Hradian returned to the workbench and made ready-moving things from here to there, setting a tin pot upon a tripod and placing a small but unlit fat-burner beneath. She laid out on the table an especially prepared square of vellum, its color flesh-tone, though nigh alabaster, and she weighted down the corners with odds and ends to hold it flat. She arranged other jars and vials and laid out ingredients and examined all, often referring to her grimoire. Finally satisfied, she waited, for there was little else she could do until the last component was obtained. Then she sat on the high stool and shifted a candle closer to her spell book. But even as she idly turned through the pages describing the preparation of the potion, her thoughts were upon revenge.

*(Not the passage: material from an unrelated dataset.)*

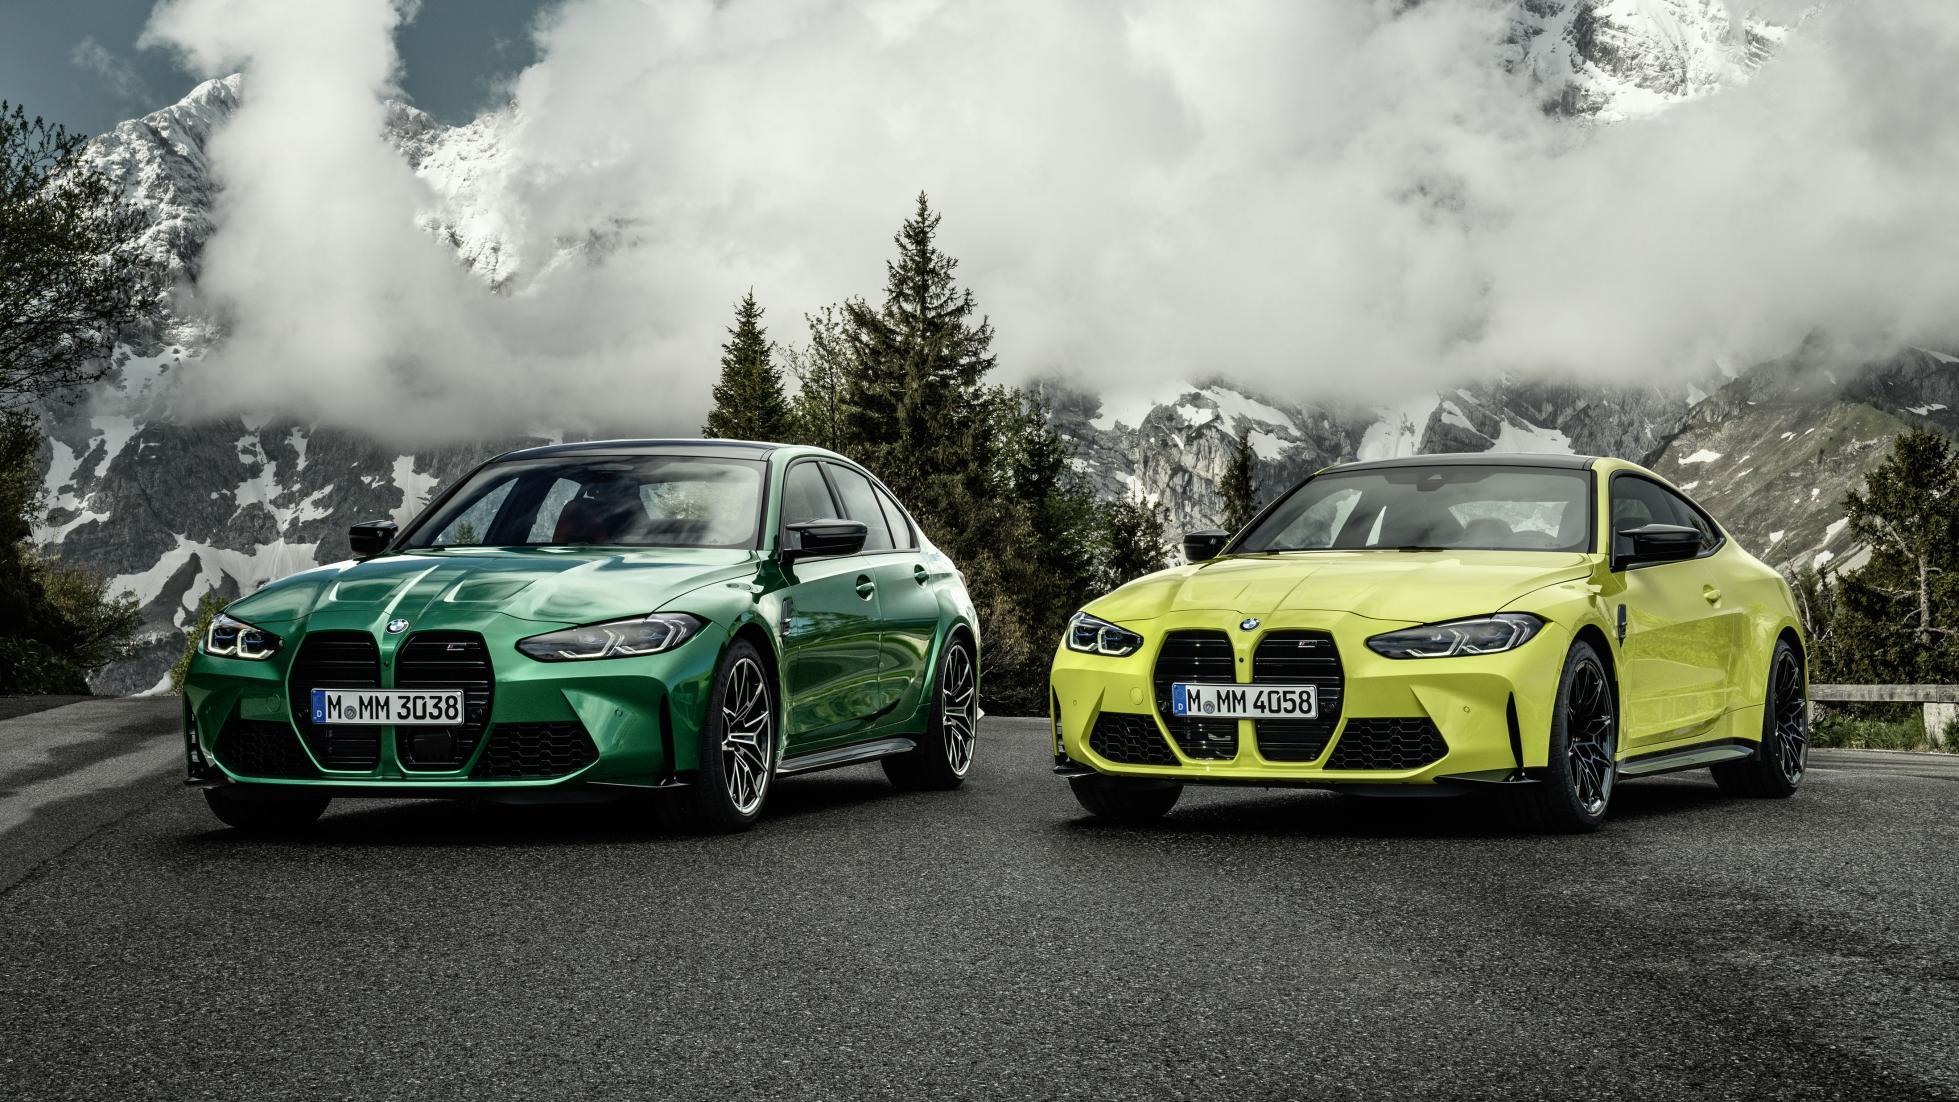 2020 BMW M3, M4: Specs, Price, Features, Video
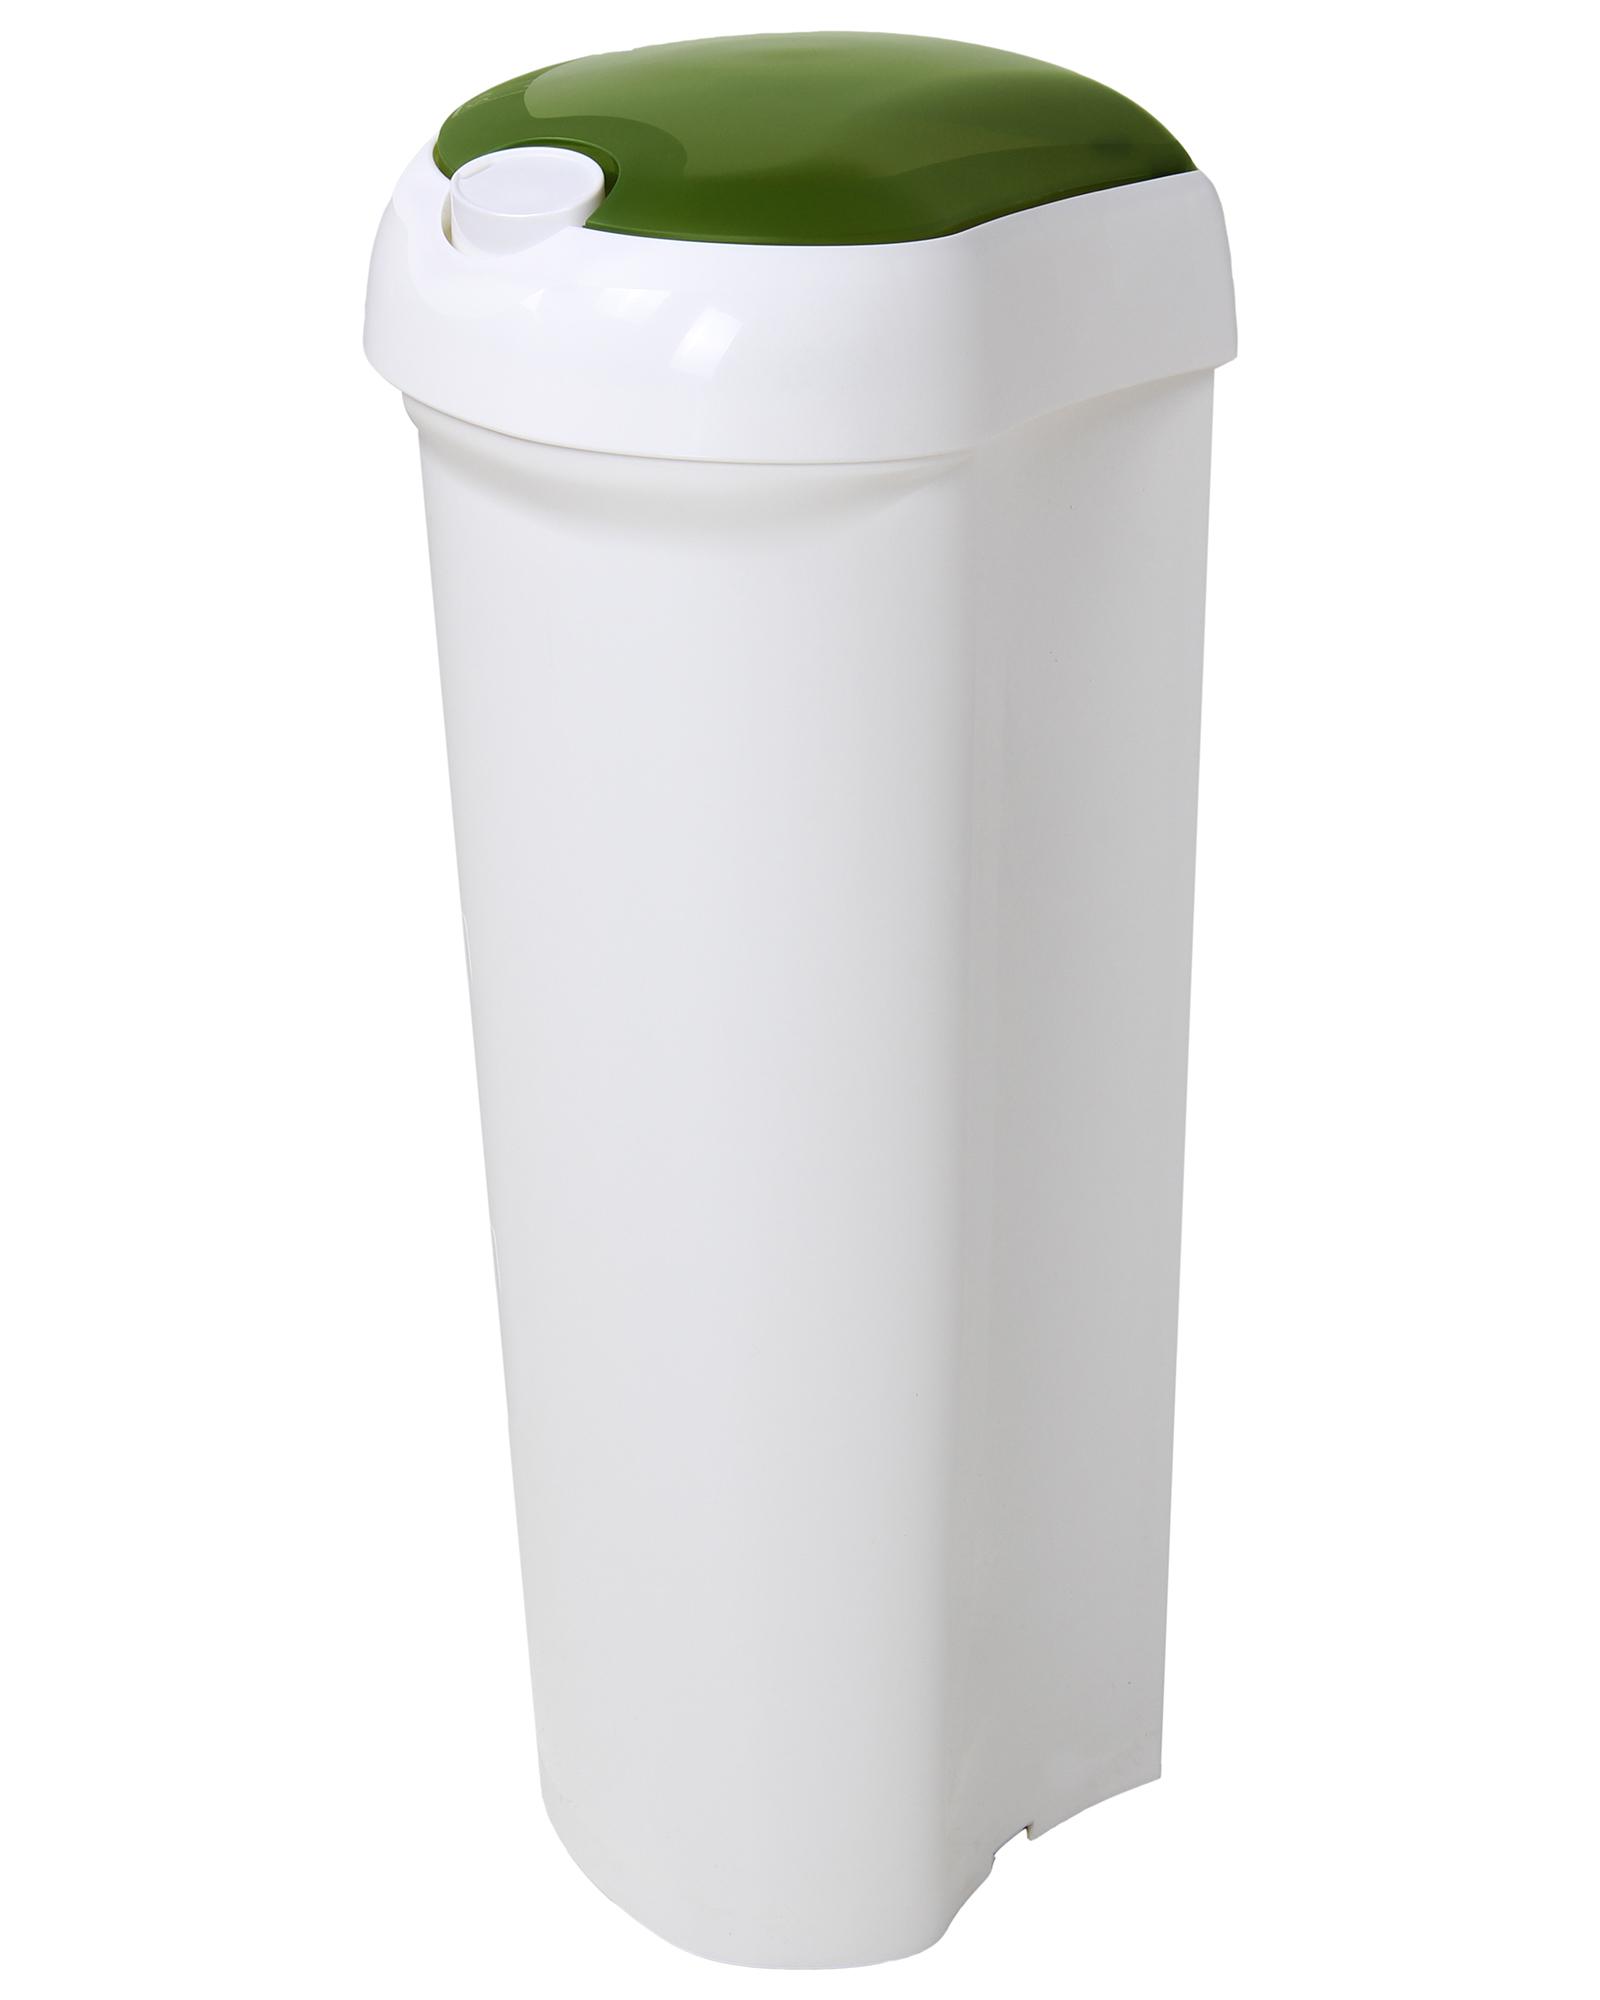 ondis24 m lleimer lotus modul 30 liter gr n g nstig online kaufen. Black Bedroom Furniture Sets. Home Design Ideas

“First to die was Rhensibe,” Hradian muttered, her mind going back to the day in a ramshackle tavern when she discovered that her eldest sister had been slain. .
. .
No one took note of the old woman entering the small saloon to set her bundle of twigs down by the door. She shook out her shawl, drops of rain flying wide. Then, through the reek of unwashed bodies and acrid woodsmoke and days-old vomit and piss and belch and fart, slowly she made her way among the gathering to the wooden plank that served as a bar. The babble of conversation did not pause, for remarkable news had come by the tinker standing at the fireplace and warming himself.
“Tore apart, she was.”
“How?”
“By the prince’s very own hands, I hear.”